Wednesday, May 03, 2006

Adding Colbert to the Fire



White House correspondents correspond - they also dine and do so at dinners.

Stephen Colbert is something I've decided to call a "value" comedian. That is, his main appeal is that he is a proponent of a view point and has found some novel way to express that viewpoint. His gift is not in adding anything new to any kind of debate, but in his ability to fold two aspects of something together in order to delineate an ironic kill zone. We like him because he says stuff we like to hear (or, as the case may be, says stuff we don't like to hear in a way we like to hear it). In today's NY Times story about Colbert's "address" (perhaps a bit of a misnomer) to the White House Correspondents' Association Dinner, reporter Jacques Steinberg calls John Stewart Colbert's "comedy patron," which also seems to me a strange misuse - Colbert is a beneficiary of Stewart's benevolent largesse, yeah, but moreso he comes off as Stewart's protege. Colbert's blustery, ironized rhetoric is the inverse of Stewart's fake unprofessionalism. Stewart is endearing while Colbert is kind of grotesque. One of Stewart's hugely powerful techniques is constantly reassuring the audience and his guests that he is no way a professional, that he is totally inept. In fact, if Stewart actually was any of those things, he would look a lot like Colbert's character. Stewart's repudiations of professionalism are in fact the marks of his professionalism, which makes him interesting. Colbert on the other hand, while probably wittier, more incisively satirical than Stewart, constantly looks constrained by his character, and breaks out at times to remind us, "Hey, it's me, Stephen! I'm not really a conservative blowhard!"
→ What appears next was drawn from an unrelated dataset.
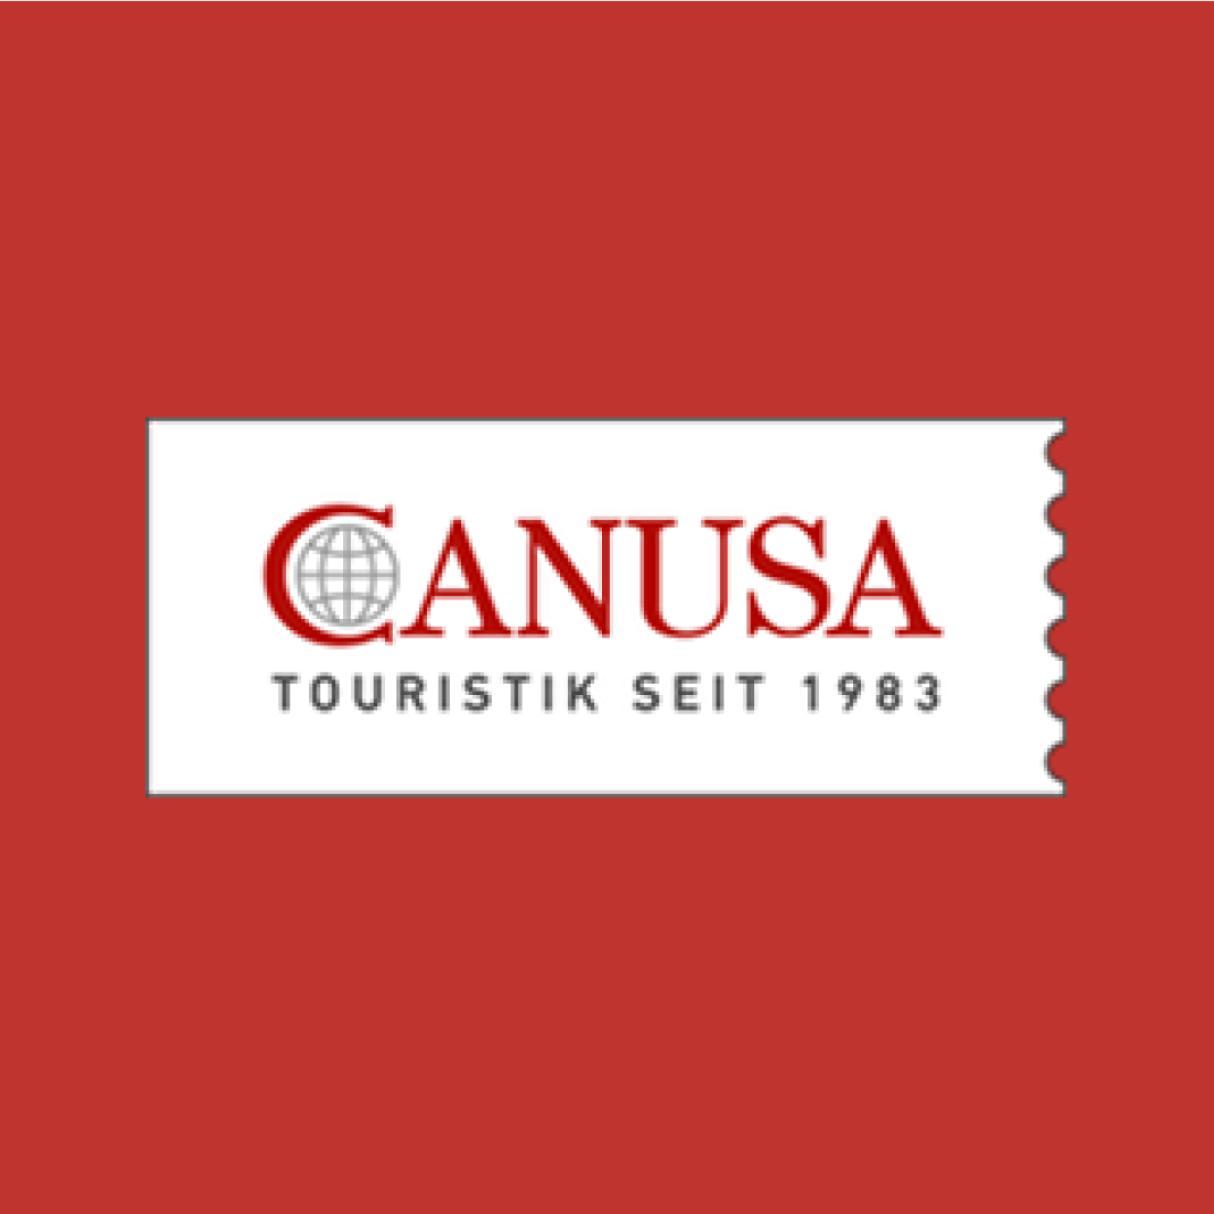 CanUSA logo
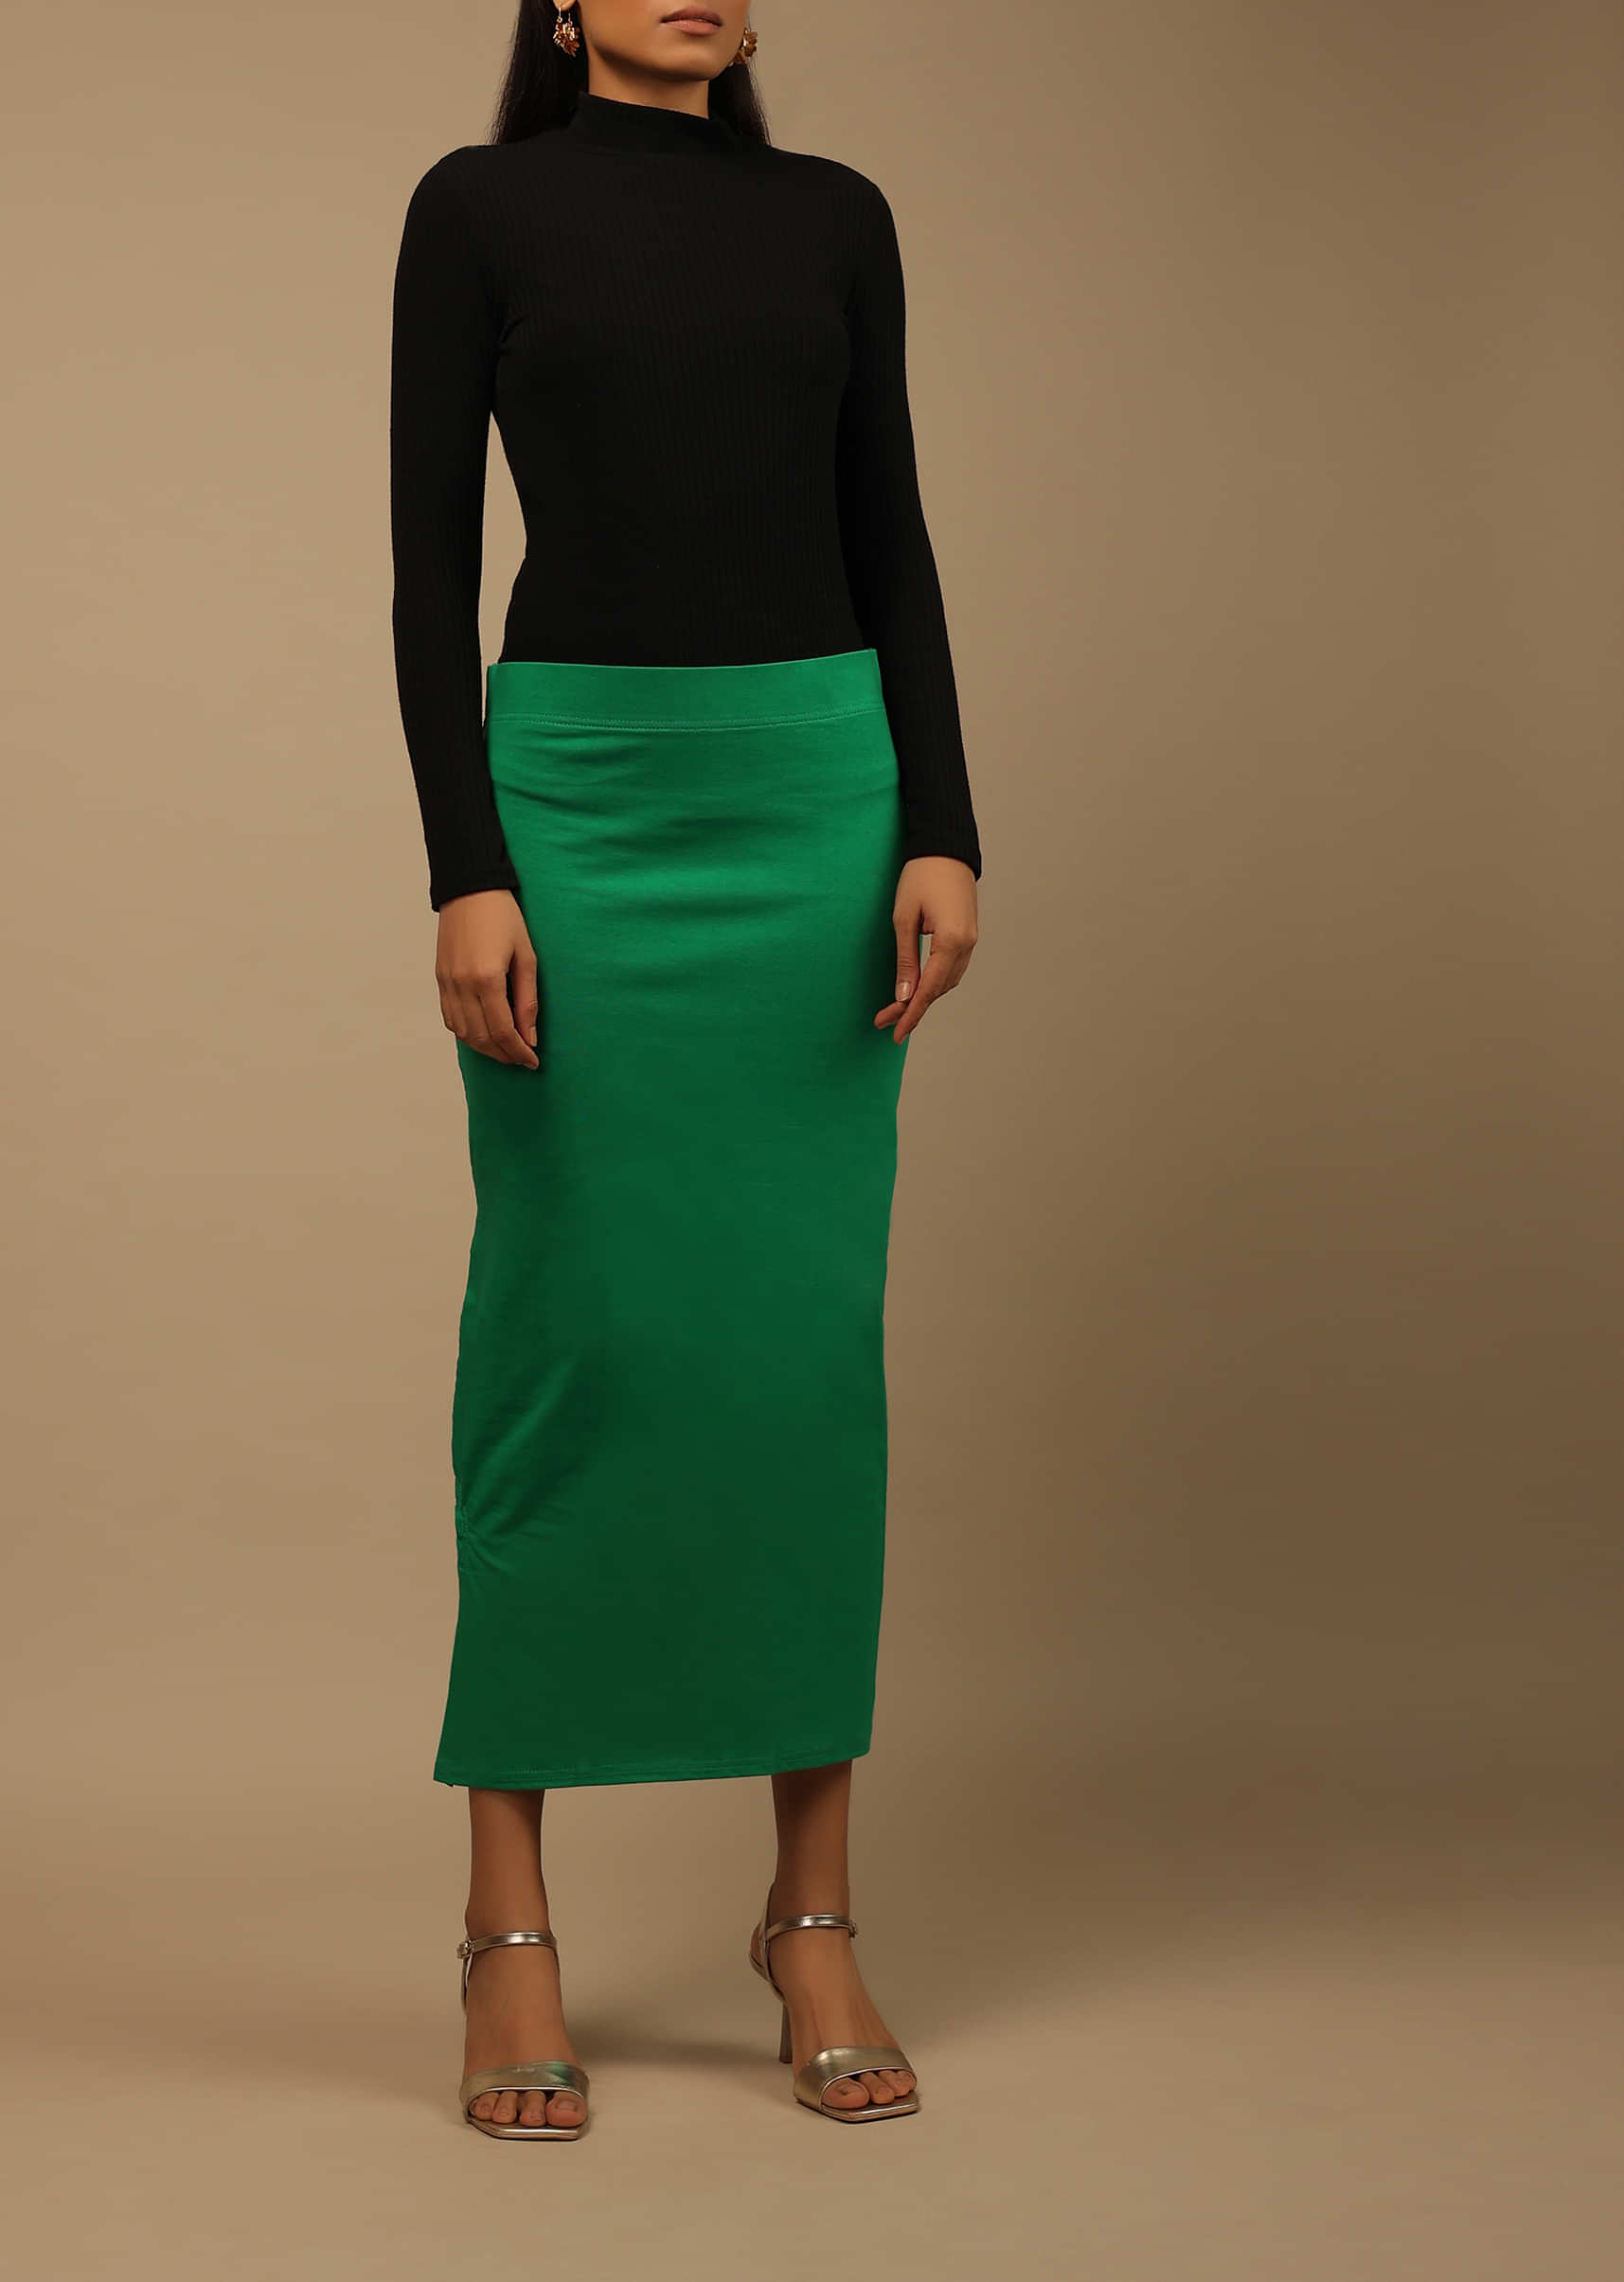 Buy Green Saree Petticoat Online

Which is why I can kind of sympathize with all of the non-laughers at the WHCA Dinner. Read over the transcript and see how many lines Colbert either adapts or repeats verbatim from The Colbert Report. The concept of "truthiness" - the idea that truth is based on gut feelings rather than facts - has gone from an awesome bit on the show to the entire axis on which the The Colbert Report spins. Granted, it was a really good idea, but Colbert's constant references to it come off kind of clunky. It's the secret decoder ring to his entire show, but as an idee fixe, it doesn't seem quite rich enough to sustain the program for much longer. Those at the dinner who might have been prone to laugh already have laughed, and those who were not prone to laugh didn't. Which isn't to say it wasn't funny, it's just funny in the way Colbert is funny all of the time - and also nobody likes being lambasted right to their face.

I'm sure part of the silence had to come from the fact that this was a fake journalist delivering a pretty scathing endictment to a bunch of real journalists. And that there was none of the good-natured poking-fun-at-self that tends to defuse satire-gone-tense. This, of course, is where Stewart shines brightest - even though Stewart is pretty transparently liberal, he's not partisan, and he's certainly never above directing his jabs at himself. In his address, Colbert's targets were a) Republicans and/or B) Journalists. Lord help you if you're both, and Colbert's implicit claim is that, if you're a journalist, you are. This what makes the speech so brazen: Colbert condemns a handful of communities of which he is not a part, and then engages in no self-criticism at all, or even criticism of Democrats. Hence the bad reception: comedy only goes over when the comedian can align himself with his audience, and that certainly didn't happen. Stewart's Crossfire salvo was intended as a an act of self-policing - trying to get the (shudder) Newstainment people (of which he is one) at least to acknowledge their role in the discursive mess that is public political discussion. Colbert, neither journalist nor Republican, expected people to laugh with him at themselves, while he laughed at, not with (to be fair, his bit about Scalia went over like gangbusters with the man himself).

So maybe it's brave to make fun of the president while he's twenty feet away from you - the gesture is appreciated, for sure - it may be a bit much to expect him to laugh, too.